We are using a Microsoft VM. See Slack Channel for more details.

Accessing Jupyter Notebooks

After running

jupyter notebook

Point your browser at https://13.82.199.8:8000/

Data

Our data is available on the VM.

  • 112 satellite images of CAFO locations in Illinois with masks ('ground truth' labels)
  • 229 coordinates of suspected CAFO locations from Illinois
  • 2000 coordinates of suspected CAFO locations from Iowa
  • Microsoft building footprint polygon geometries in Illinois and Iowa

The data used to train the model is currently in 'datadrive/data/raw/ground_truth/'. The Driven Data dataset can be found in 'datadrive/train/'. Images to build the null distribution can be found in 'datadrive/data/raw/planet_images_il-2019-07/' and 'datadrive/data/raw/planet_images_il-2020-07/'.

Data Preprocessing

Before training our model, we need to preprocess the data in order to get an input suitable for the model. We use the Planet API to download satellite images of CAFO coordinates. We then create masks for the satellite images using the Microsoft building footprint shapefiles; this is our artificial 'ground truth' labels. /data_access_script directory contains the scripts used for data preprocessing.

Transfer Learning

The transfer learning script can be run by running the shell script in segmentation/script/driven_script.sh. Parameters can be shifted in the shell file. The DrivenData dataset is currently in 'datadrive/train/masks' and 'datadrive/train/images'.

Model/Training

For baseline image segmenation, we use the PCA and K-means algorithms. The scripts for running these algorithms on our satellite imagery are available in /notebooks. Our main model is the UNet fully convolutional network. The model can be found in segmenation/models. The training all occurs in a Jupyter Notebook due to the relative speed of training (~20-30 minutes) and can be found in segmentation/notebooks/cafo_segmentation_training.ipynb.

Prediction

We take the trained model, and generate prediction masks for Illinois CAFO locations at different time points. Then, we compare predicted masks of a location with progression using various metrics, and comparing these numbers with metrics from locations with no progression (i.e., a null distribution). The file used to generate the null can be found in segmentation/notebooks/calculating_null.ipynb, and the file used to assess the null can be found in segmentation/notebooks/assessing_null_on_progressed_images.ipynb. Test set prediciton occurs in the file segmentation/notebooks/segmenter_test_set_evaluation.ipynb

Adding new images to training

First, to gather images from Planet use the planet_images_downloader.ipynb. Then create the corresponding masks with the Microsoft Building Footprints. Then these two pairs need to be converted into pickle files in order to be placed into /datadrive/data/raw/ground_truth as part of the dataset. The process to do this can be seen in segmentation/notebooks/converting_tiff_to_pickle_for_training.ipynb. What is required is the directory of satellite images and their tiff files, and the directory of corresponding masks, which is a single pickle file with the directory of the aforementioned images as the key and the masks as the value. The new pickle files generate are dictionaries with the following format

'image' : PIL image of the specified tiff file
'masks'
    'CAFO Shed' : A tensor of the size of the original image corresponding with pixels equal to 1 in the mask.
    'BACKGROUND': A tensor of the size of the original image corresponding with pixels equal to 0 in the mask.
    'Lagoon' : Saved as a zero tensor of the shape of the tiff file. Largely ignored

Future Use Cases

  1. General Building Permit Violations (e.g. expansion of in-law apartments in San Francisco): A Building Footprint Change Point detection model will likely be useful in many other applications where building expansion over time is unpermitted or non-compliant. One example might be unpermitted expansion of in-law apartments in San Francisco.

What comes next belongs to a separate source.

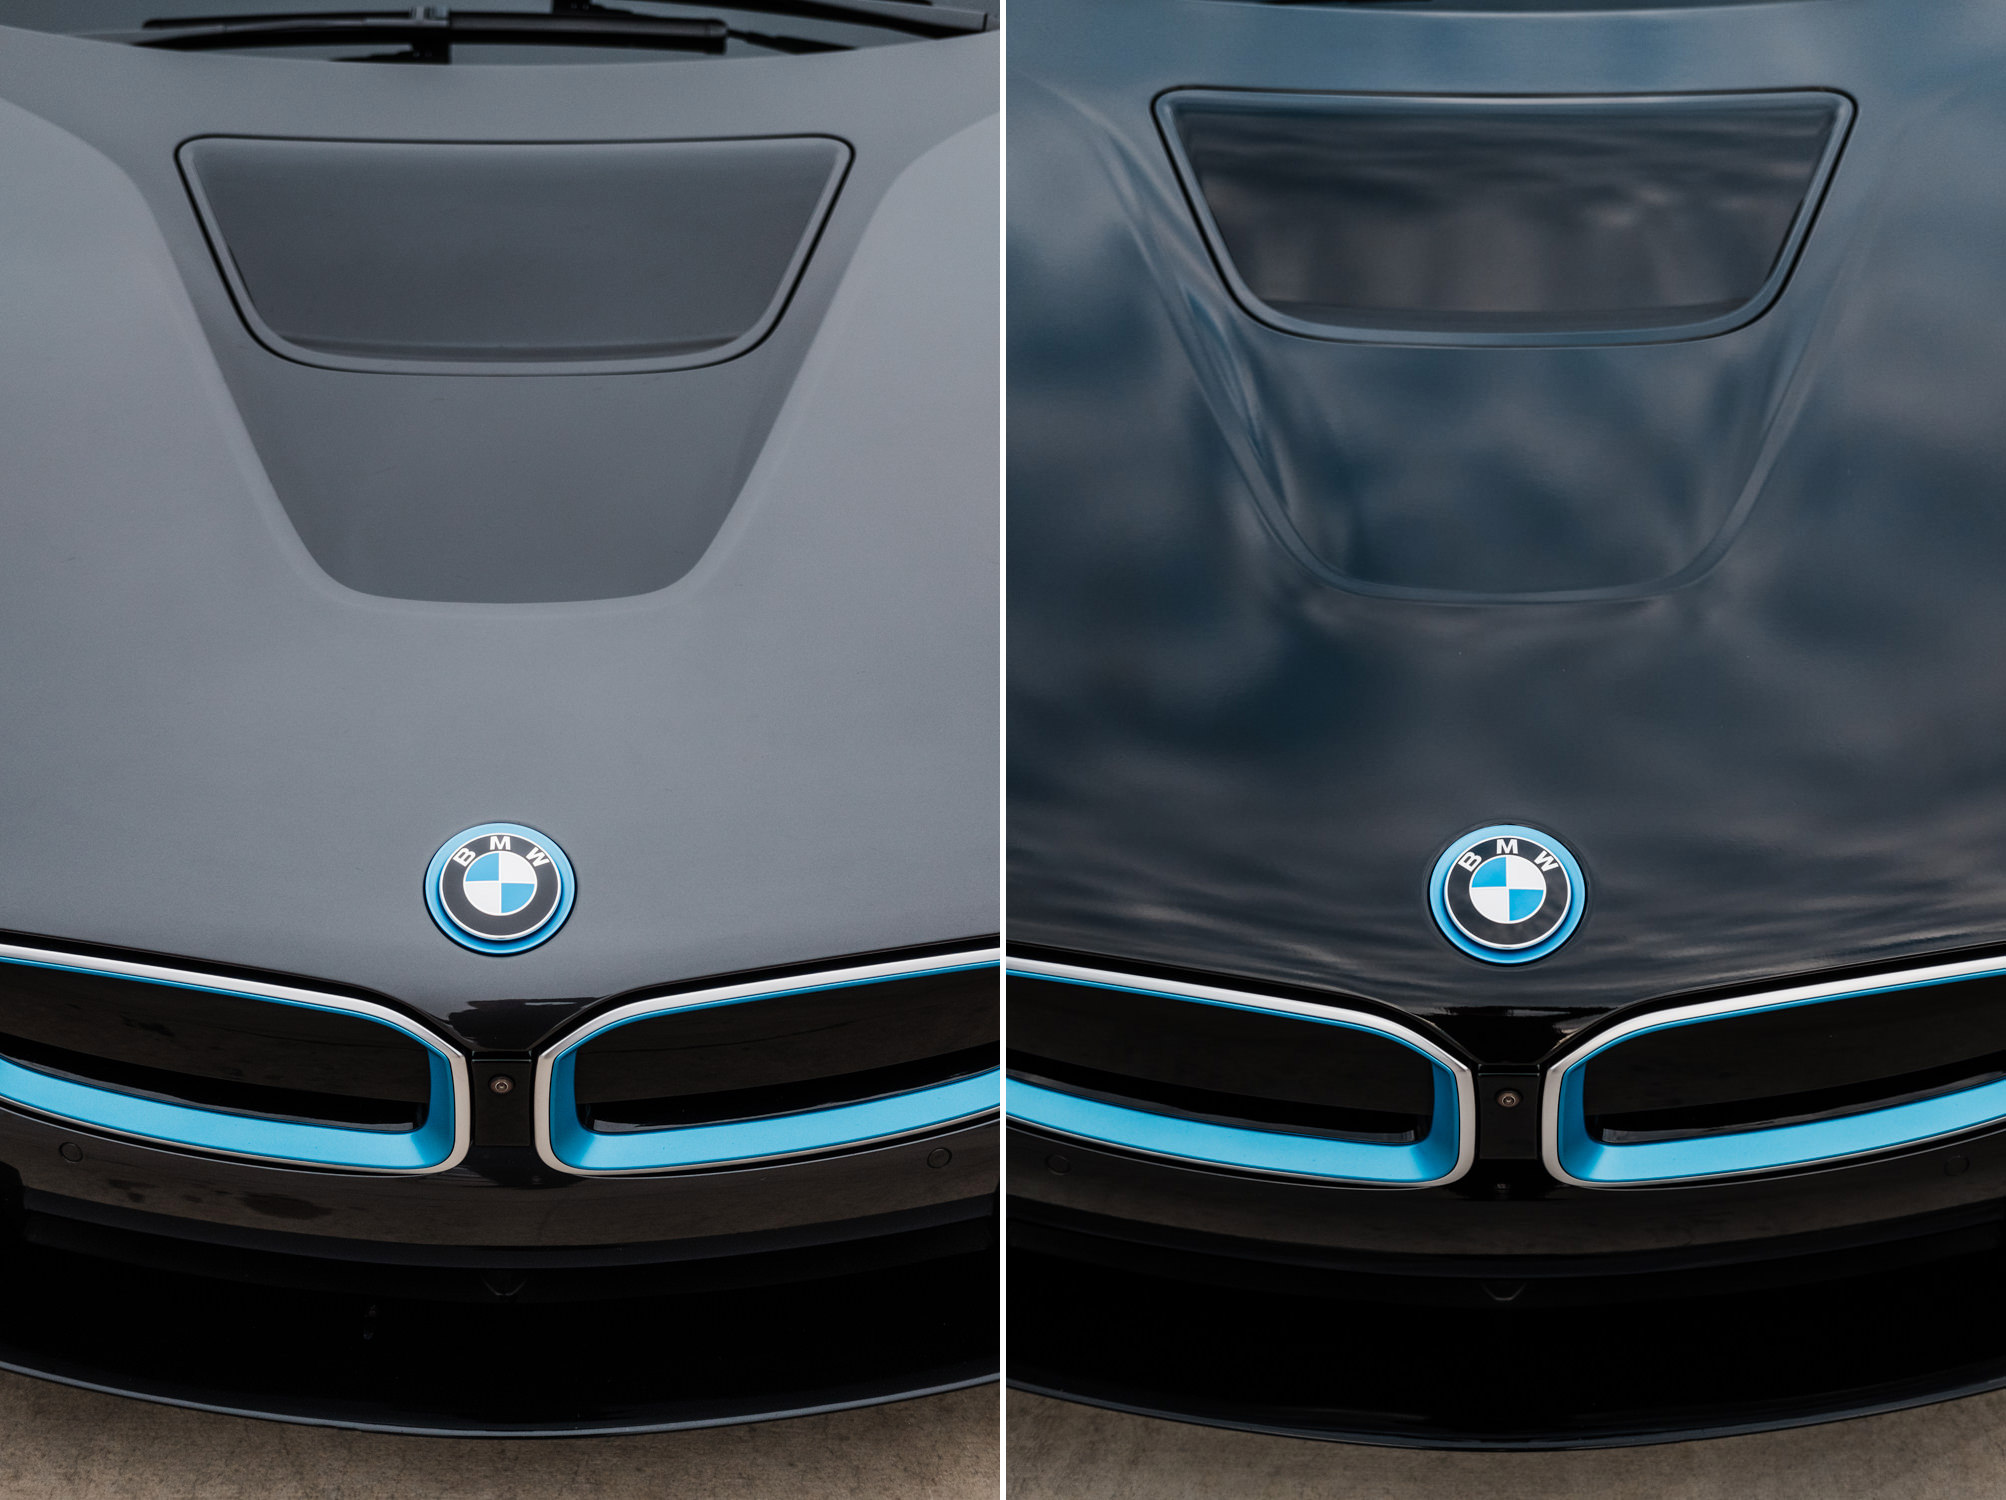 BMW i8-Vinyl Wrap-Vinyl Wrapping-Color Change Wrap-Vinyl Exterior-Ceramic Pro-Ceramic Pro Coating-Ceramic Coating-BMW-104.jpg

dssg-reglab-public's People

Contributors

eicherseiji avatar stenhaug avatar

Watchers

 avatar

Recommend Projects

  • React photo React

    A declarative, efficient, and flexible JavaScript library for building user interfaces.

  • Vue.js photo Vue.js

    ๐Ÿ–– Vue.js is a progressive, incrementally-adoptable JavaScript framework for building UI on the web.

  • Typescript photo Typescript

    TypeScript is a superset of JavaScript that compiles to clean JavaScript output.

  • TensorFlow photo TensorFlow

    An Open Source Machine Learning Framework for Everyone

  • Django photo Django

    The Web framework for perfectionists with deadlines.

  • D3 photo D3

    Bring data to life with SVG, Canvas and HTML. ๐Ÿ“Š๐Ÿ“ˆ๐ŸŽ‰

Recommend Topics

  • javascript

    JavaScript (JS) is a lightweight interpreted programming language with first-class functions.

  • web

    Some thing interesting about web. New door for the world.

  • server

    A server is a program made to process requests and deliver data to clients.

  • Machine learning

    Machine learning is a way of modeling and interpreting data that allows a piece of software to respond intelligently.

  • Game

    Some thing interesting about game, make everyone happy.

Recommend Org

  • Facebook photo Facebook

    We are working to build community through open source technology. NB: members must have two-factor auth.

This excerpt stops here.